I guess Glenn Beck said that the coming Hurricane Irene was a “blessing” . Having read a brief snippet about it, I can’t agree with the whole “blessing” concept. Tragedy is never a good thing. Beck says it proves his point that “emergency preparedness is a good idea” and that he’s not delusional, disruptions in the food chain could happen. Anybody that needs a tragedy to make their opinion valid has got their priorities wrong. Opinions aren’t worth that much.
Having said that, people make blessings out of tragedies all the time by making meaning out of them. Nobody wishes for an addiction in their present or future, but people transform themselves because of one daily in little rooms in church basements and detoxes and sober houses around the globe.
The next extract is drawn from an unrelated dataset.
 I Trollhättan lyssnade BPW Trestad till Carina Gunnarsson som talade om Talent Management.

No one wants sudden death of a family member or the end of an era — no one. And yet, from these ashes of the tragedies can, often, come newer and deeper, more meaningful lives. Mostly, it is because tragedies sweep everything from our lives, including the frivolous — and we have a lot of frivolous in our lives today. Somehow our souls know what’s really important in our lives and we keep it locked in our hearts and minds and we can pick it out of the wreckage and ashes of our lives
After I wrote the blog about the Sabbath, a Jewish friend wrote back and explained what it was like to experience Sabbath and I joked that “that kind of a Sabbath would take unions(for the time) and a lot of power outages (for a technology-free Sabbath)”. Mr. Beck was right about one thing: the coming hurricane (if it materializes) will remind us that we’re not in control around here. Even if corporations or our bosses want us to go to work, when the 100 mile an hour winds come through, we can’t. Even the unions couldn’t give us that kind of time at home, though I’m not sure I’d callit a holiday.
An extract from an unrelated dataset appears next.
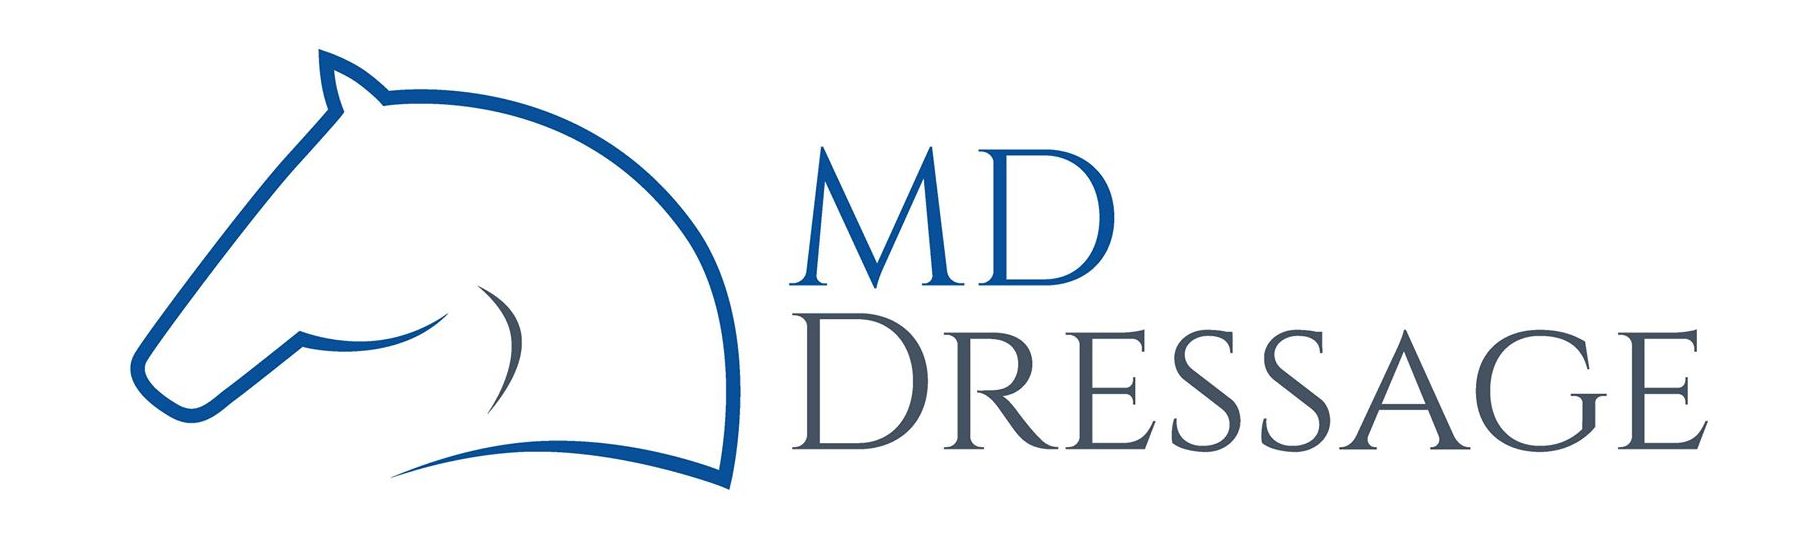 MD Dressage – Cours de dressage de chevaux privés

The power outages will apparently come with the storm, according to local news reports. If we have blackouts, after some period of time, we here will be iPod-less, computer-less, internet-less and so on. The only thing left at home will be us — and natural sunlight when we have it. What’s left will be what’s important — the stuff that God created. Even if — due to traffic jams, flight delays, work schedules, and so on — we can’t be with the things that matter, our hearts will find them. We call our kids or our parents, we worry about loved ones and friends. We protect important things.
Remember all those in-class assignments about what would you put in the boat? This is the time when we actually do just that. Whatever you think about, whoever you think about, as the hurricane approaches — that is where meaning lies for you. That is what’s important. Realize that it’s from God, and treasure it with everything you’ve got while you’ve got it.